Abstract
The applicability of geophysical techniques has been examined for evaluating aquifer properties like transmissivity and hydraulic conductivity of coastal aquifers, Tuticorin, Tamil Nadu. The pumping test data of 10 wells are interpreted by using forward modelling to obtain the aquifer characteristics in the study area. The available vertical electrical soundings (VES) data in the vicinity of the sites of pumping test have been interpreted; and true resistivity and thickness are determined at each site in the study area. Empirical relationships are established for estimating the hydraulic parameters from the electrical data.
The area under study is divided into three major geological formations viz.
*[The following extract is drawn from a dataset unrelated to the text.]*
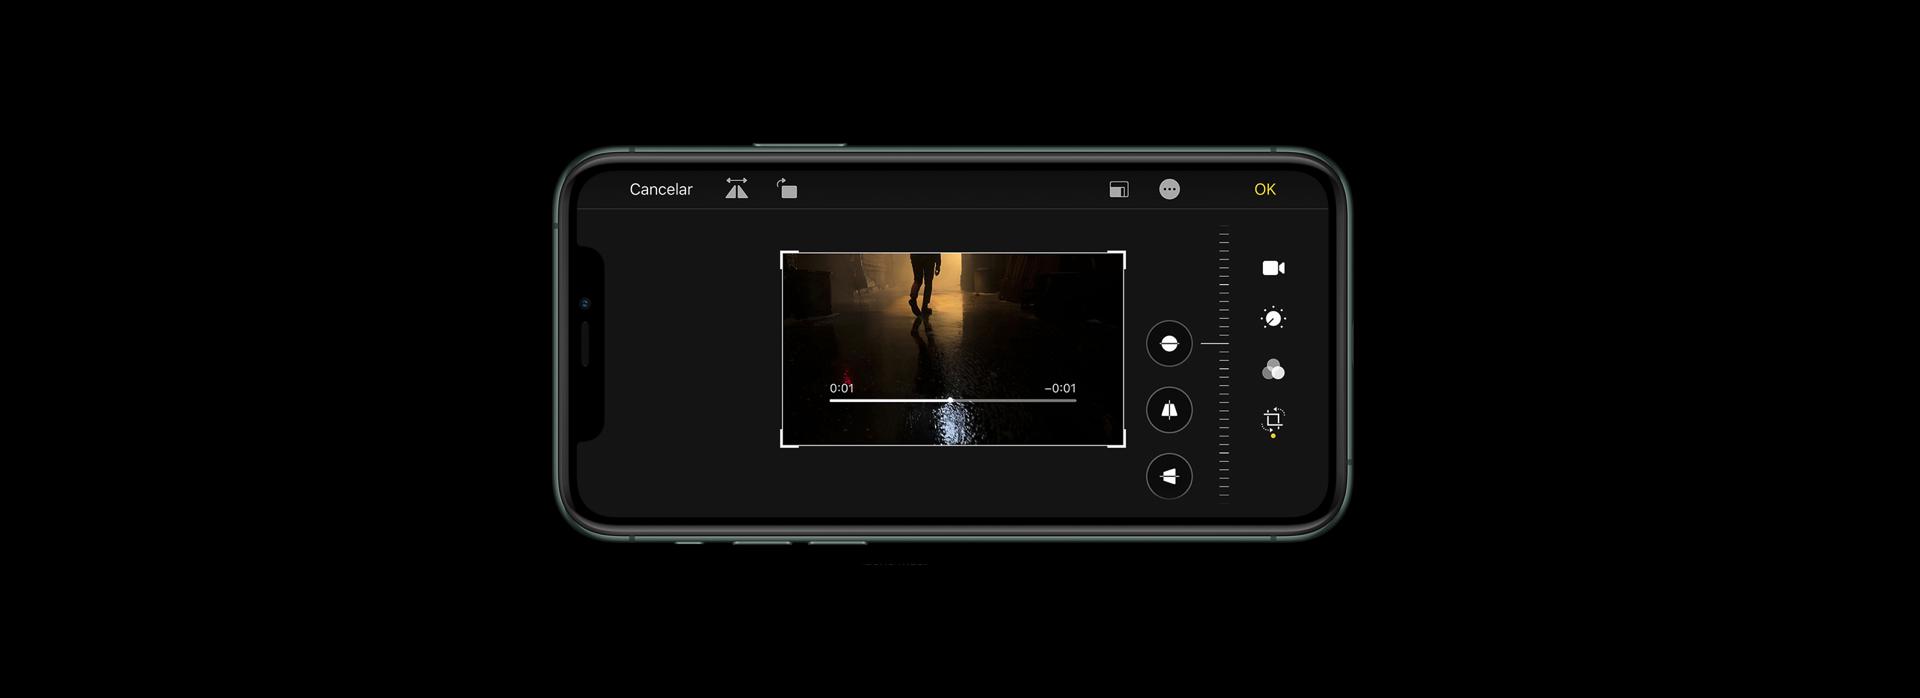 Captura de pantalla 2020-03-27 a las 8-5

Archaean (hard rock), Tertiary and coastal sediments. The empirical relationships have been shown (1) between formation factor and hydraulic conductivity; (2) between transmissivity and transverse resistance and (3) between aquifer resistivity and hydraulic conductivity, in three different geological formations. The result shows a linear relationship between hydraulic conductivity and transverse unit resistance and between hydraulic conductivity and formation factor. These relations are further used to estimate the hydrogeological parameters viz transmissivity and hydraulic conductivity at remaining 18 vertical electrical sounding points, where pumping test data is not available. The hydraulic properties of aquifer at different points are then used to generate the corresponding contour maps. The thematic maps are finally utilized for the selection of suitable well sites in the study area using the electrical and aquifer parameters. The results indicate that the hard rock formation near the coast ofTuticorin is the most potential zone of groundwater for future exploitation.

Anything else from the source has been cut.